Prof Dawkins said he wanted to look at the effects of "bringing children up to believe in spells and wizards".
"I think it is anti-scientific – whether that has a pernicious effect, I don't know," he told More4 News.
"I think looking back to my own childhood, the fact that so many of the stories I read allowed the possibility of frogs turning into princes, whether that has a sort of insidious affect on rationality, I'm not sure. Perhaps it's something for research."

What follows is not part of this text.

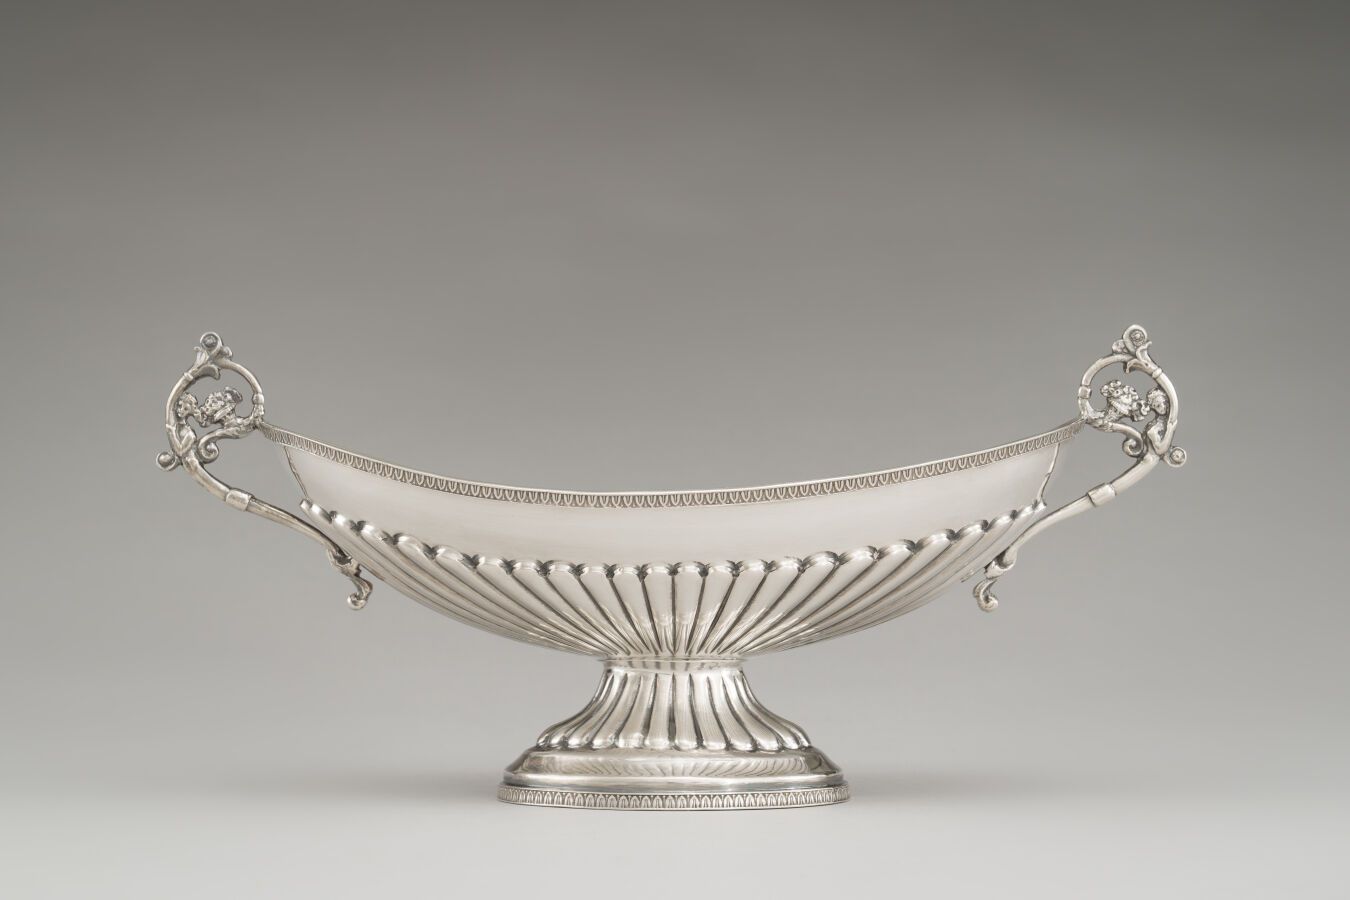 Null 银质（800/1000）杯，底座上有加德隆装饰。手柄上有叶子和卷轴。

重量：535克。

意大利，20世纪。 

高：14厘米 长：33厘米
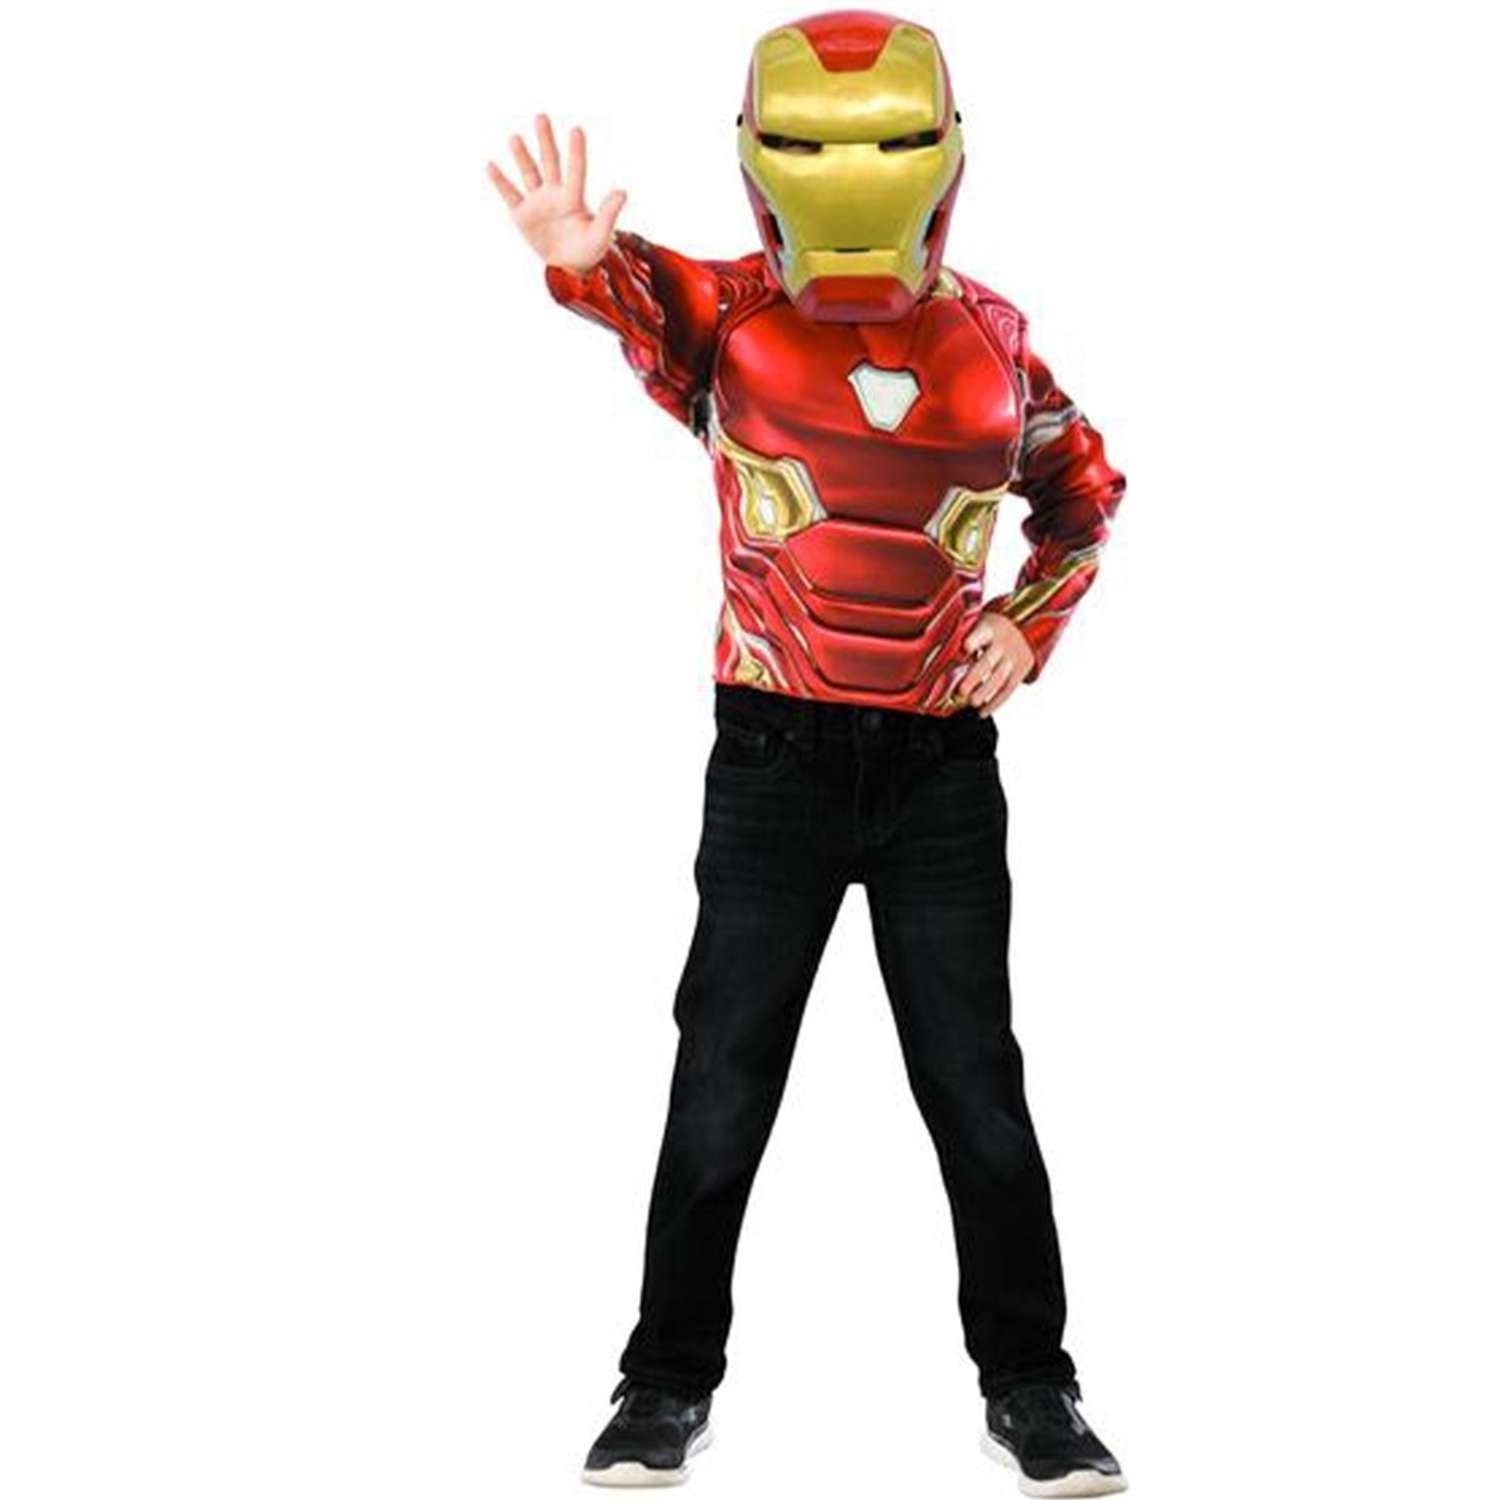 Детский костюм железного человека. Костюм маска. Rubies костюмы железного человека. Карнавальный костюм Rubie's Железный человек Deluxe.

A rich programme of further research suggests itself: after the study of fairytales and tales about witches and wizards, someone can look into what ghost stories do for human rationality, and then ditto a certain amount of science fiction. Next, children's make-believe games. Hey, and sexual fantasies - what kind of scientific attitude is fostered by those? Better leave it out, people. And then fiction and drama - two whole areas of the human enterprise that may encourage a very lax frame of mind towards the facts of the world. I mean, have you noticed how a decade can pass just like that between one chapter of a book and another, and how characters who have never really existed are treated like full persons in their own right, with a past, and parents (who also never existed), and a world of inner emotions? Have you noticed how in movies people can perform fantastic feats like you just wouldn't believe?
Strident? Professor Hawkins? Sorry, Dickens. Sorry, Dawkins? Not a bit of it. He's just keen on us having our feet fastened to the scientific ground.